For most of the resolutions, I made a commendable effort with room for improvement. However, I really knocked the staying healthy one out of the park! For almost every single week in 2013, I exercised at least 30 mins 5 times a week. At the beginning of last year, I was a bit nervous about this resolution since I had just started my job, traveled for business about 25-30% of the time, and worked 60+ hours a week.
So for 2014, I’m definitely renewing this resolution and would like to reflect on what worked well to juggle work with working out.
1. Plan Ahead: My goal was simply to exercise 4 – 5 times a week, but it didn’t matter on which days (e.g., Monday or Friday). Given this slight flexibility, I would examine my calendar in the week ahead to identify which days would be difficult to work out and designate 2-3 of them as rest days. For example, if I were traveling to rural Indonesia on Thursday and Friday, then I would designate those days as rest days and workout Monday through Wednesday and the weekend.
2. Convenience Matters ALOT: I am lazy. I hate packing a small suitcase to travel to a faraway gym. The less work I have to do, the more I likely I’ll actually do it. Therefore, I try to make it as easy as possible for me to work out.
- Clothes: My pajamas are workout clothes. That way, I can wake up in the morning and immediately start exercising. It saves time and effort.
- Workout Activity: Running is my go-to activity. It’s so convenient because you can do it almost anywhere. Wake up, put your running shoes on, and head out the door. Another activity that I’m absolutely addicted to is these Insanity DVD’s. (If you haven’t heard of this program, then you need to drop everything and get them. These are a series of interval training workouts. Think exercises like jumping jacks, squats, and push ups for a minute each at 3-4 minute intervals for a total of 45 to 60 minutes.) They tone you up in no time. You can pop in one of these DVD’s and start jumping around like a mad man. The best part is that you can take these videos with you anywhere, including business trips.

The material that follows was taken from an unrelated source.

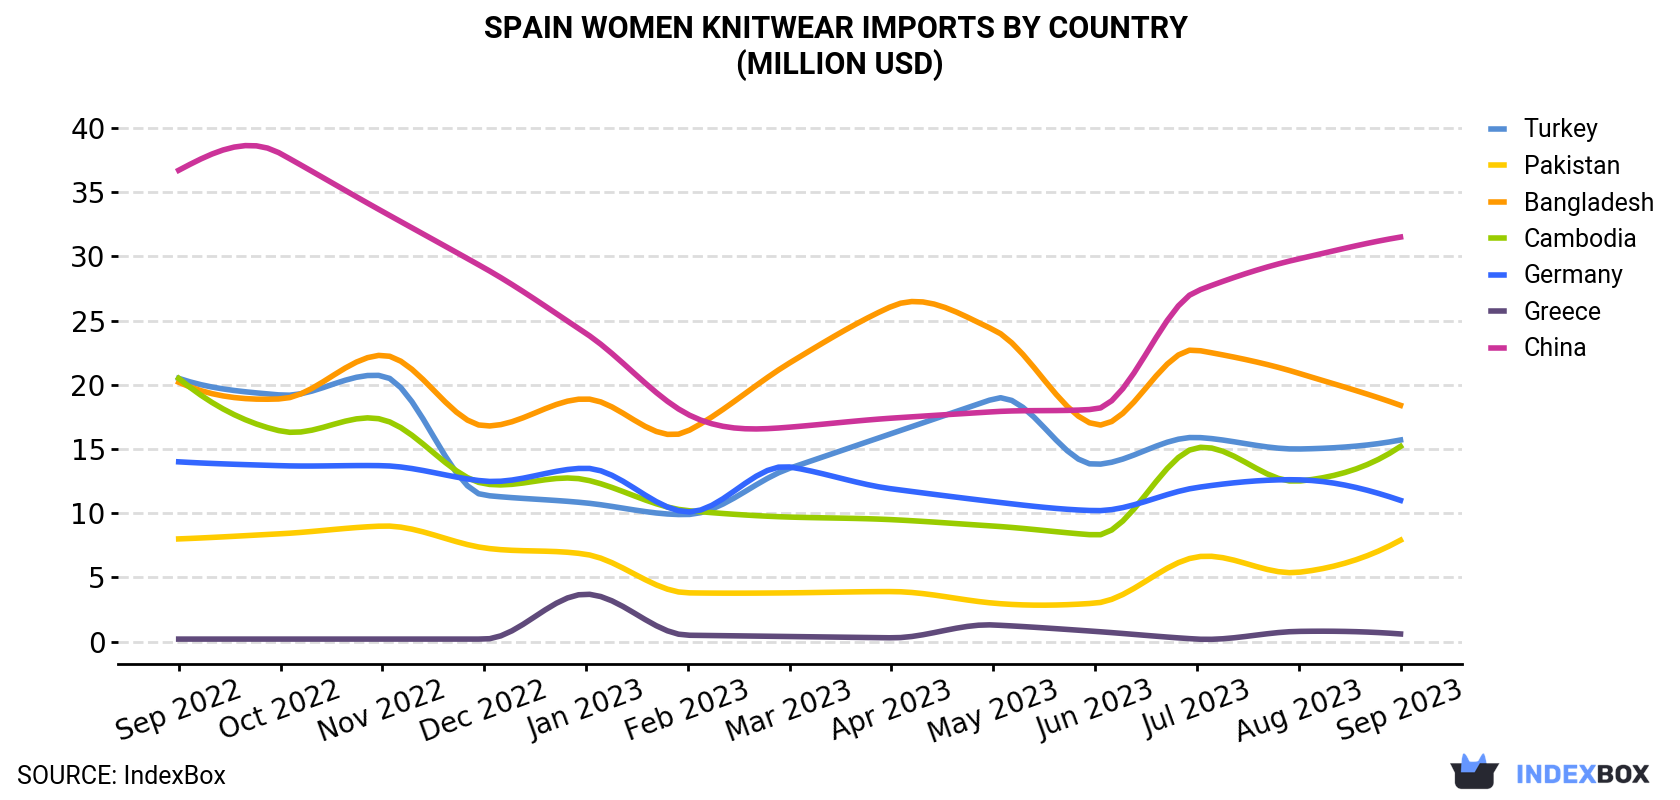 Spain Women Knitwear Imports By Country (Million USD)

3. Designate time: During week days, I work out only in the mornings. My workday and workload can be quite unpredictable, so evening workouts are hard to keep. I also keep morning workouts during business travel as evenings may be occupied by lengthy business dinners. It’s important to figure out what works for you and your commitments and then designate specific times for exercise.

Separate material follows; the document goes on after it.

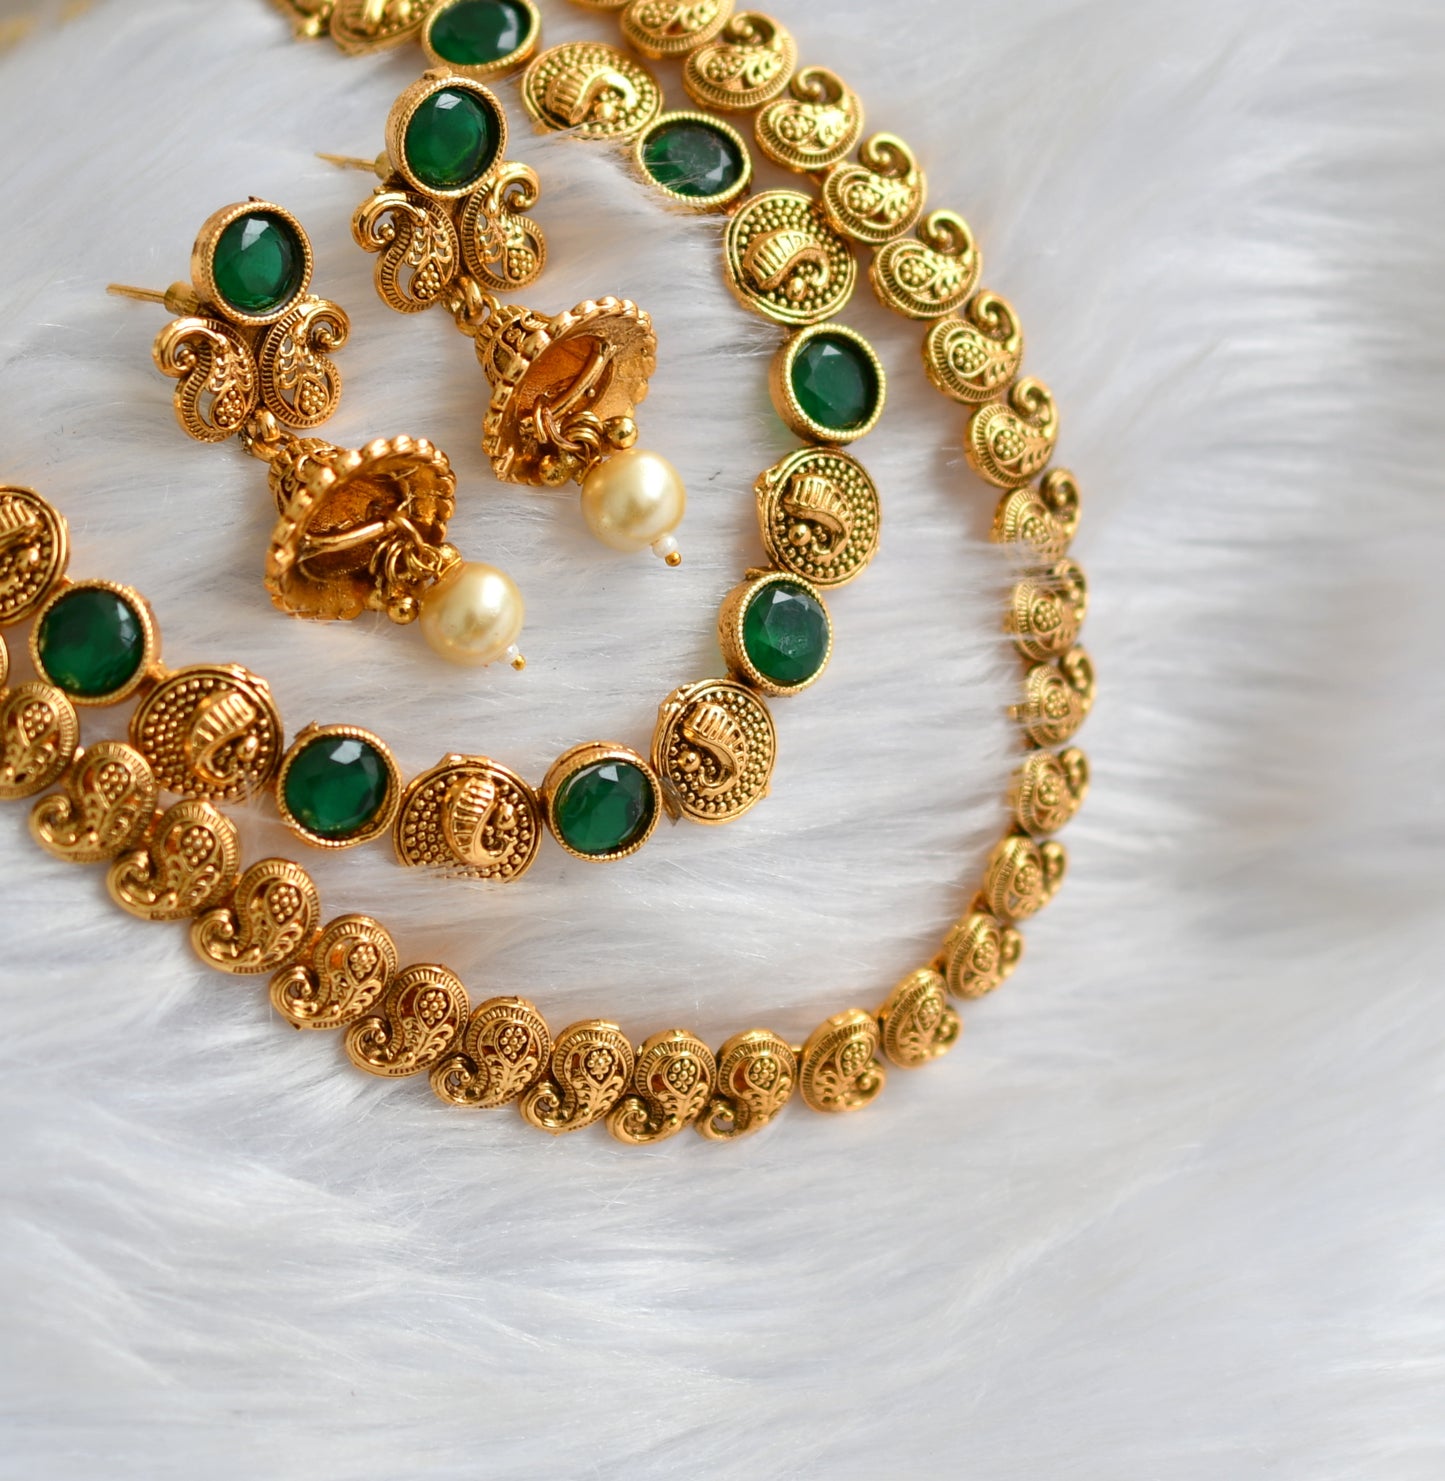 Antique gold tone green mango double layer necklace set dj-39688

4. Keep going: On some weeks, hell just breaks loose. Your inbox explodes, all deadlines under the sun converge at one point, and your mother and mother-in-law visit you at the same time. If you’re not able to meet your goal that week, then the inclination is to quit altogether. What really helped me was to have a “keep going” mentality. If I screwed up 1 week, it’s okay because next week is a brand new one!
5. Remember how good you feel: Waking up at 6am to run for 45 mins is excruciating, but I found it super helpful to remind myself of how good it feels after the workout. At work, I find my mind thinks more clearly and a whole lot quicker (even without coffee!). I also feel stronger, energized, and more confident. Therefore, the next time I wake up feeling like a zombie, I just need to think 45 mins of agony in return for a day feeling like superman.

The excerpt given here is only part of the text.